Further investigations in the field in question have revealed dramatic deteriorations in the processability of water-containing mixed pastes in one important special case: the paste viscosity allows ABS and TAS pastes each having solids contents of 50 to 60% by weight to be separately processed. However, if an attempt is made to mix these separately processable pastes to obtain a homogeneous anionic surfactant mixture for subsequent incorporation in detergent formulations, there is a dramatic increase in viscosity in the paste mixture for basically the same solids content. This phenomenon is observed both when the ABS paste is added to the FAS paste and vice versa. Even mixing ratios of 9:1 or 8:2 lead to a solidified, water-containing material which can no longer be processed.
The teaching of U.S. Pat.

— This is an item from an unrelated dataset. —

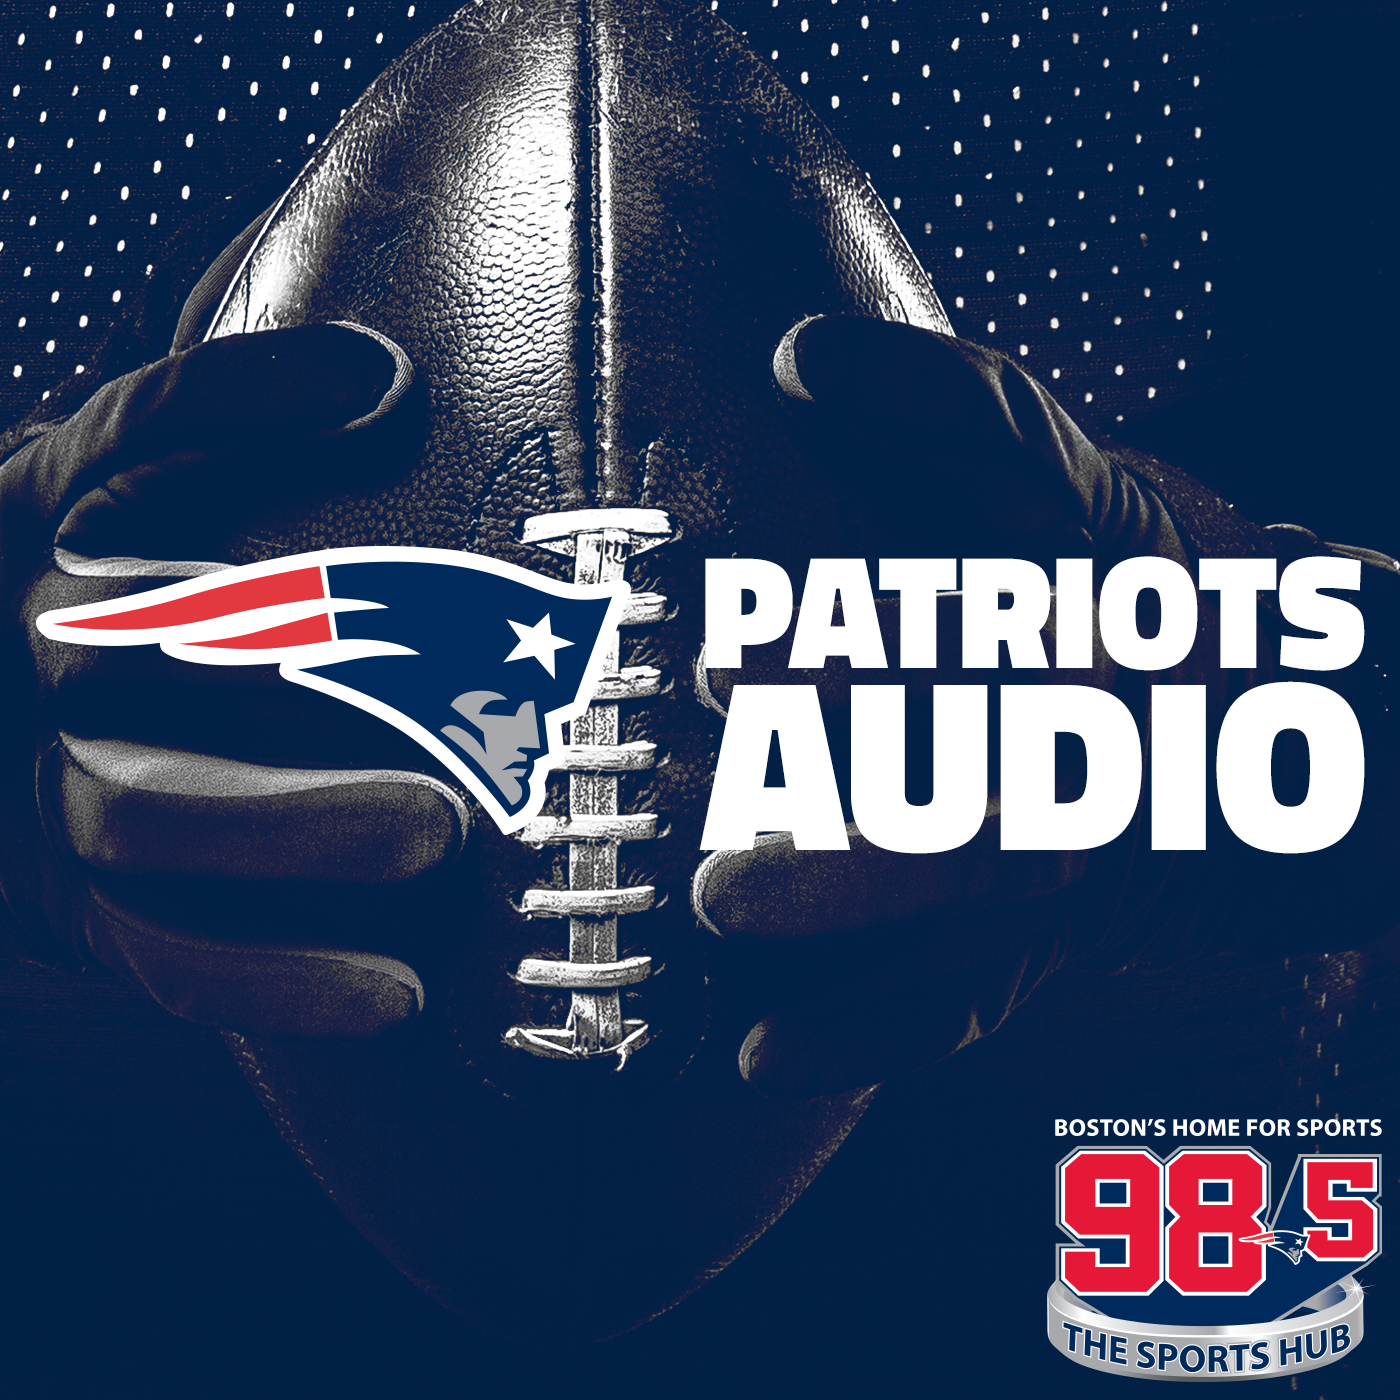 Jonathan Kraft checks in with Beetle & Gasper as we get set for Pats-Jets

No. 4,495,092, the entire contents of which are incorporated herein by reference, describes the use of C.sub.8-40 alcohols which are substituted by 1 to 5 hydroxyl groups and/or onto which up to 15 mol ethylene oxide and/or propylene oxide are added per tool alcohol as viscosity regulators for high-viscosity industrial surfactant concentrates of the synthetic anionic surfactant type. Corresponding water-containing pastes of alkyl sulfates, alkylaryl sulfates and .alpha.-sulfofatty acid esters having a surfactant content of at least 30% by weight are mentioned in particular. According to this teaching, the addition of the above-mentioned viscosity regulators in quantities of 1 to 15% by weight, based on the quantity of surfactant, leads to viscosities of the particular surfactant concentrate of at most 10,000 mPa.s at 70.degree. C. (Hoppler falling ball viscosimeter). Mixtures of saturated and unsaturated fatty alcohols containing up to 8 tool EO and/or PO units are particularly preferred viscosity regulators. The viscosity behavior of water-containing pastes of mixed surfactants and, in particular, the dramatic increase in viscosity when water-containing ABS and TAS pastes are mixed is not discussed in this publication.
The problem addressed by the present invention was to provide an alternative method of processing water-containing, more particularly paste-form, surfactant preparations into dry, more particularly free-flowing and concentrated surfactant granules. The invention is based on the disclosure of U.S. Pat. No. 4,495,042, but extends the principles described therein beyond existing knowledge.